When it comes to smoker temps you must remember not everyone has their thermometers in the same place on the smoker. One man's thermometer might be placed a little higher than yours. If you try to match his recommended temp on your pit and the thermo is in a different position, you won't get the same results. Even if the thermos are in the same spot, your smoker might draft differently that the other guy's and the results could vary.

In short, you have to learn what your smoker does. This knowledge can only be obtained through much stick burning and many trips to the butcher.


----------



## jerkyourcroaker (Aug 21, 2011)

I smoke full packers frequently and follow the same general formula. 

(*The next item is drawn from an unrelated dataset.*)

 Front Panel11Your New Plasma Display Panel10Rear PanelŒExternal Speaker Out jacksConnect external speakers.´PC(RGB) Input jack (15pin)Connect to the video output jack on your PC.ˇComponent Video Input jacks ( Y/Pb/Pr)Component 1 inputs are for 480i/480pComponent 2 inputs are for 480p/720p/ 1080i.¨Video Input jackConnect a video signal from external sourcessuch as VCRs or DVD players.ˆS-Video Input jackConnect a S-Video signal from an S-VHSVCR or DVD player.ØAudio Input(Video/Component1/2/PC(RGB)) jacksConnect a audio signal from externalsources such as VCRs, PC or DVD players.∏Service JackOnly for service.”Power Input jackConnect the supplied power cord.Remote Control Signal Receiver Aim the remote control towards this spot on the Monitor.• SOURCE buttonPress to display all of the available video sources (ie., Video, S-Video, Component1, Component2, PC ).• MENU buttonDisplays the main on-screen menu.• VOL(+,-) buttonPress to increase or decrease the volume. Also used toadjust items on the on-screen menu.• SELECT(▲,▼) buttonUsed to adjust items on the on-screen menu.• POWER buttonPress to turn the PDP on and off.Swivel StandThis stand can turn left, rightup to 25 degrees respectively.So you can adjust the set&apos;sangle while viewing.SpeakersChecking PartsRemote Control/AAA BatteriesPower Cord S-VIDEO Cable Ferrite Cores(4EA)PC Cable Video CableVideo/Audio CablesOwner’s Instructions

1. Season lightly with a fine grained rub. 

2. Let the meat sweat a bit then season with a simple mix of large grain black pepper and kosher salt (60 grain)

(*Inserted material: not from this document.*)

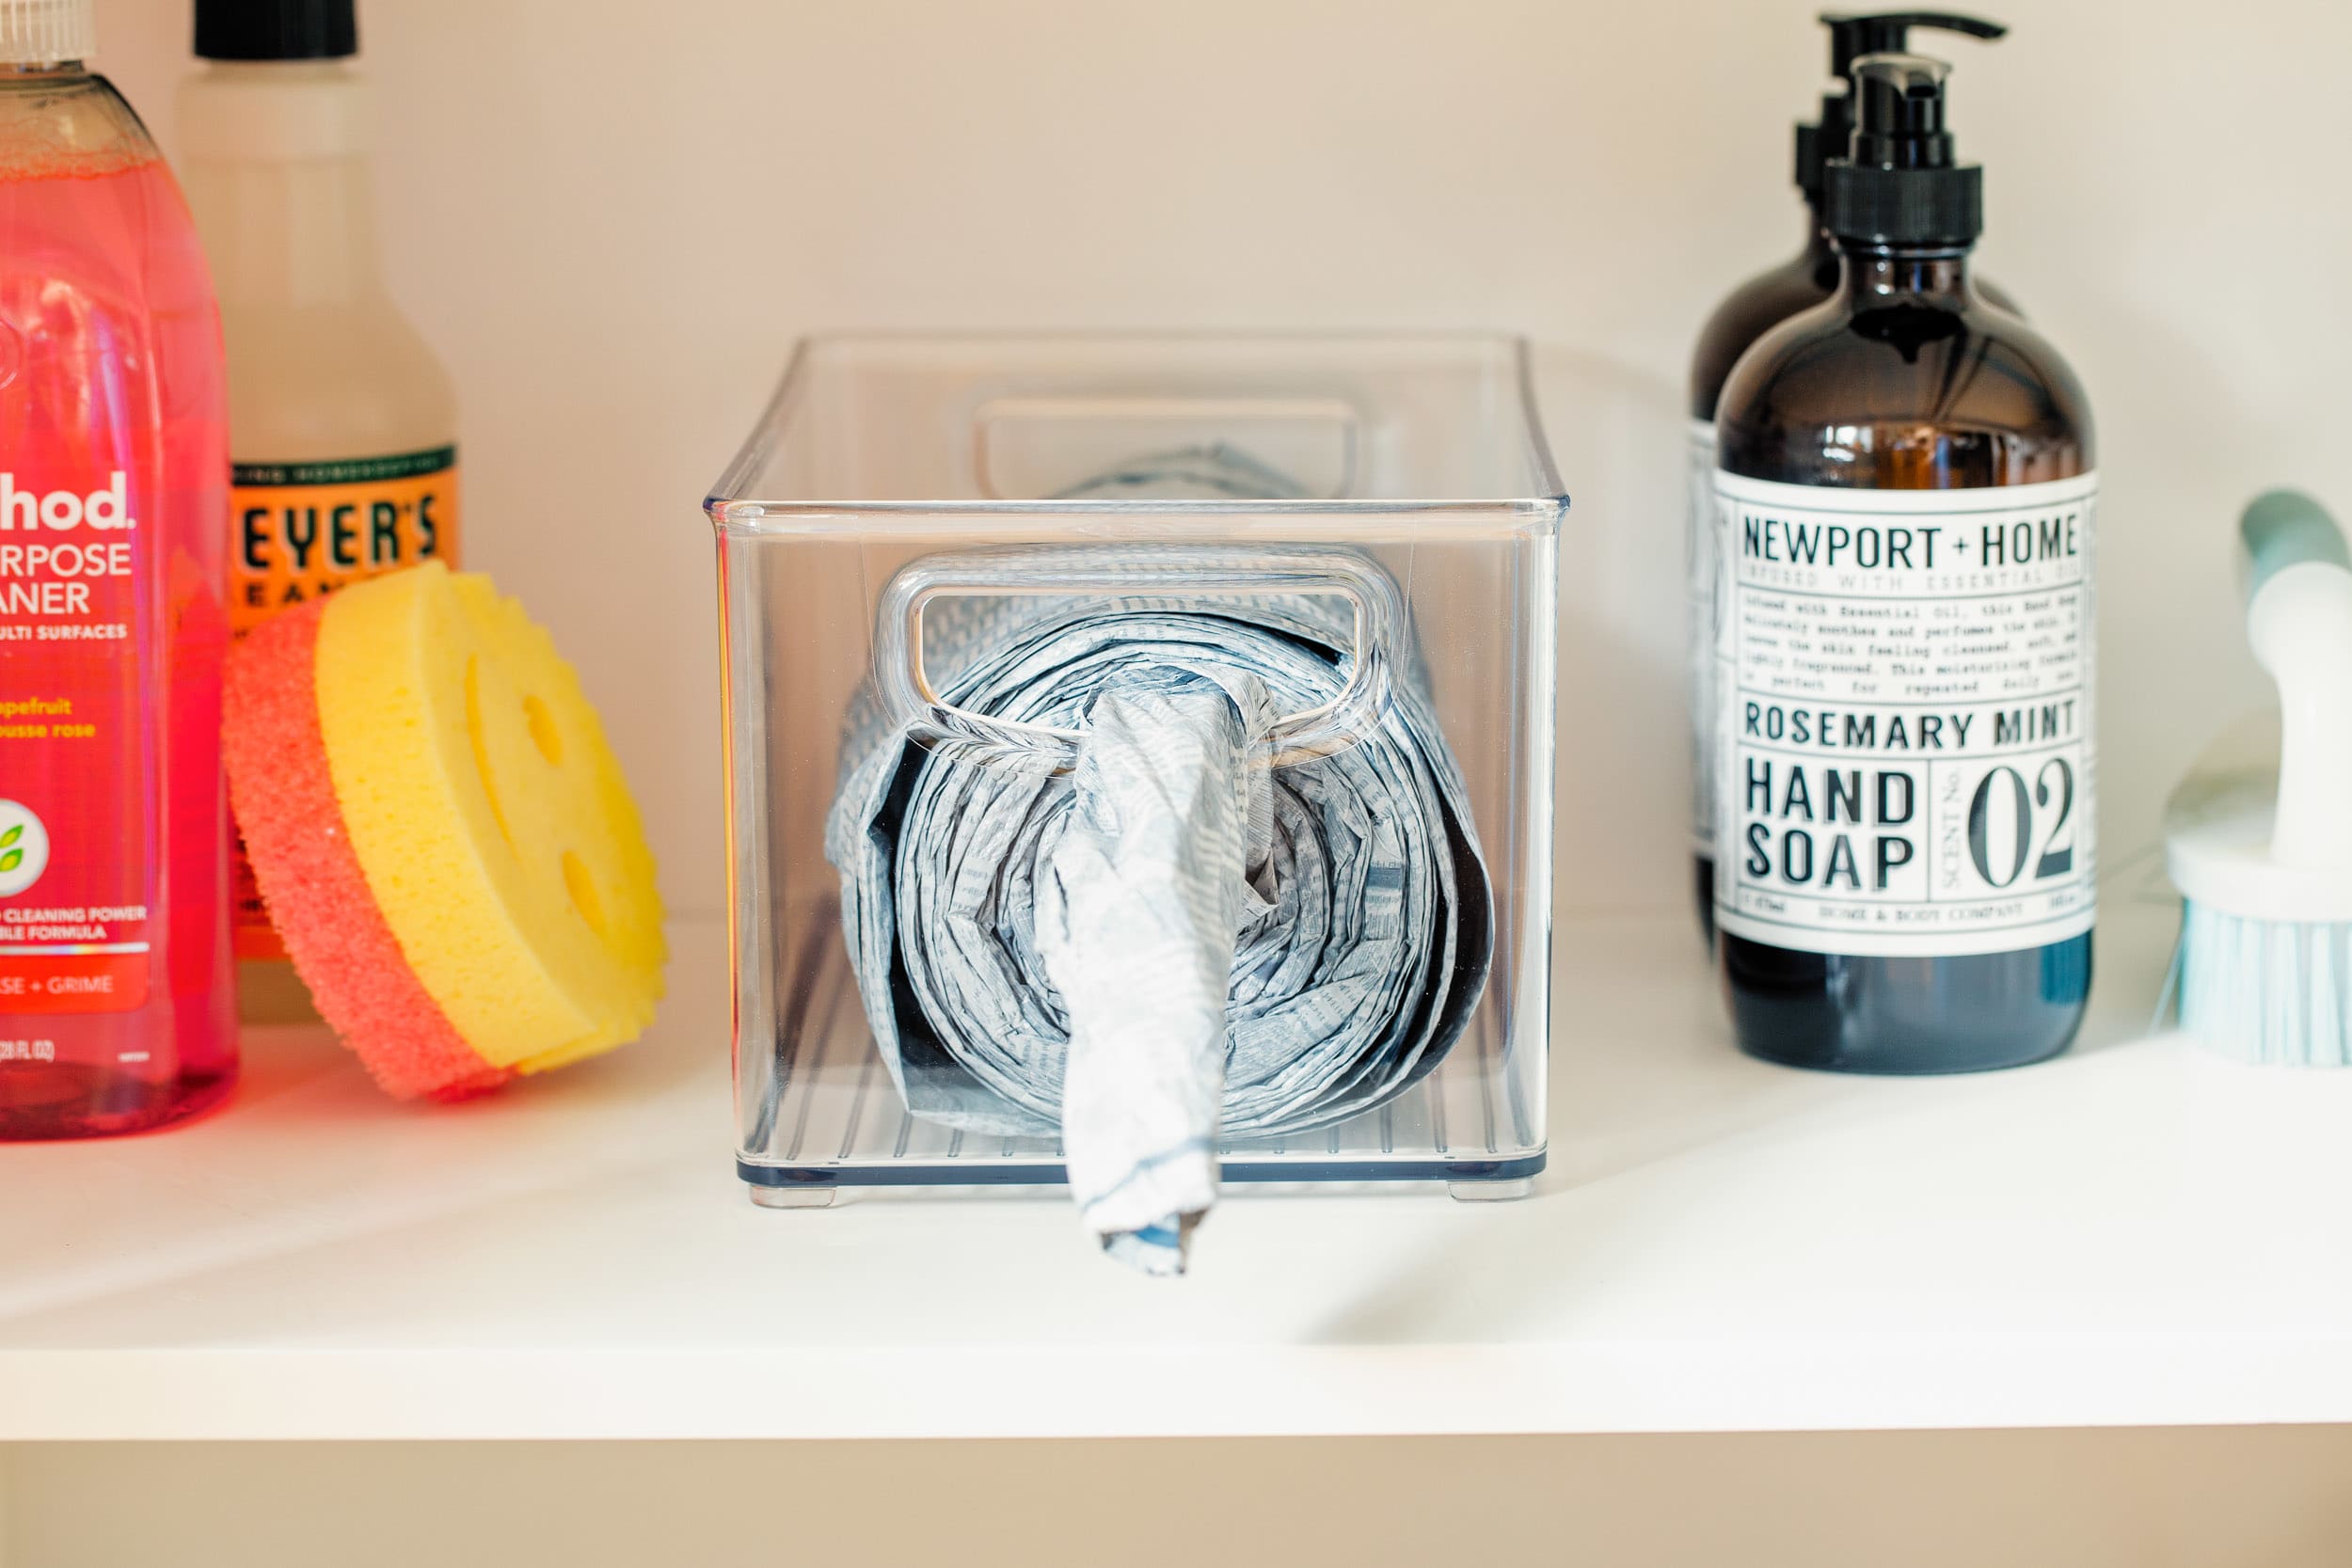 11 Clever Ways to Store Trash Bags That You've Never Thought of

3. Get your smoker to 200 or higher and put the packer fat side up down for an hour or so at low temp. 

4. After an hour, flip it and ramp up to 275 or so. 

5. Let it ride until a toothpick goes into the flat like a toothpick goes into room temp butter. 

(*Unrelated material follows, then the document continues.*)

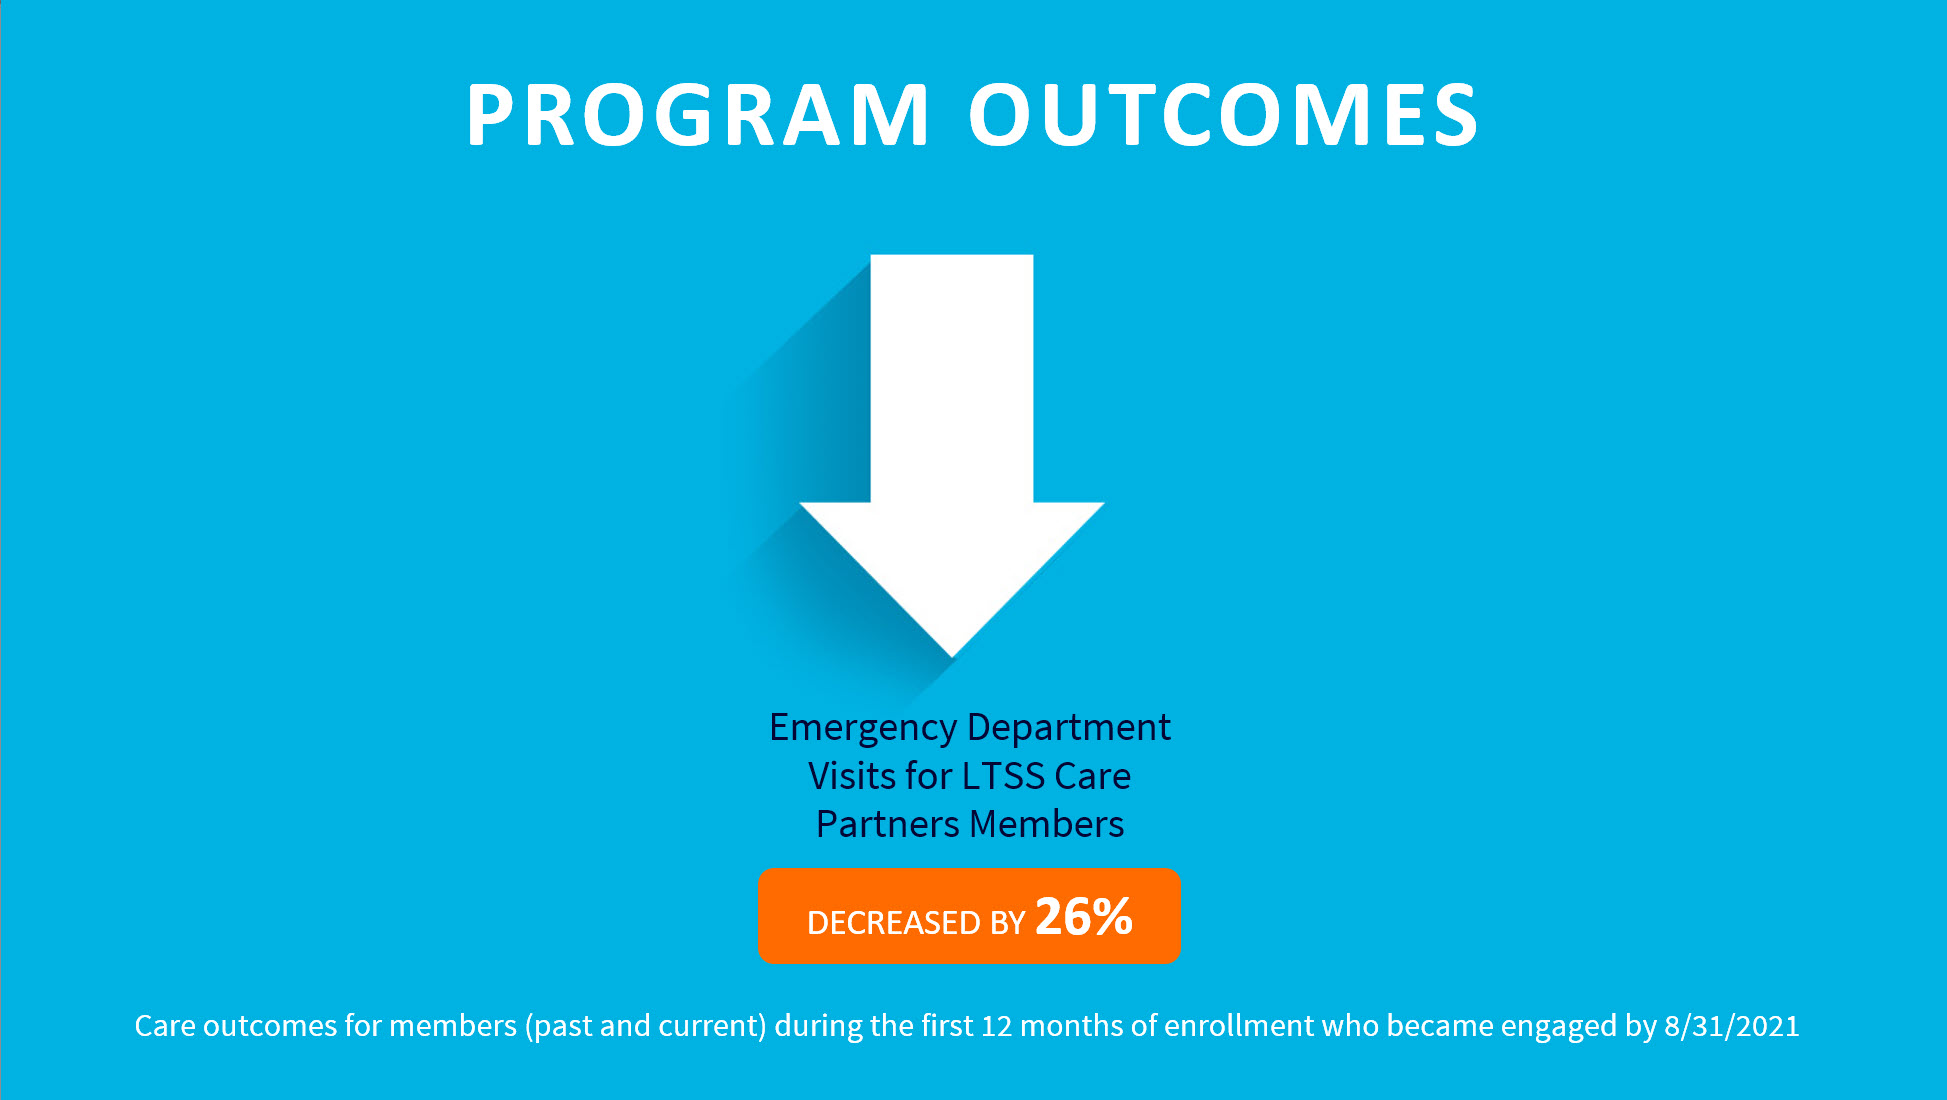 LTSS Care Partners Member Program Outcomes

6. Pull and let it rest for at least an hour. 

7. Slice and serve. 

For me, that's an. 8 to 10 hour process depending on the size of the packer. Cut it thick. 

I would resist the urge to measure doneness solely by internal temp. That's a recipe for a tough brisket. 
Good luck!


----------



## Delta Elite (May 28, 2011)

To add to the discussion regarding "resting" the meat.....I typically pull mine off at a given temp, wrap in bath towels (it is already covered in foil), and then place in an ice chest for another hour before slicing.

This method really allows those internal juices, residual mop sauce, etc. to settle evenly back towards the edges.


----------



## gitchesum (Nov 18, 2006)

ReelWork said:


> Looks great! Those chanllenger trials and tribulations (rain, drizzle, no wood, lack of sleep, etc.) are exactly why I pull the brisket and place in the oven, uncovered, overnight after a good 4-6 hours of smoking. Bet you were one tired camper...
> 
> Glad it turned out and sure you learned a bunch of experience!


Ding Ding Ding....winner winner brisket dinner.

I started doing this a few months ago and will never babysit a pit overnight again. The result is the most tender brisket with great smoke flavor with 1/4 of the work.

I do put a water tray under it and set the oven at 200 for overnight cooking.


----------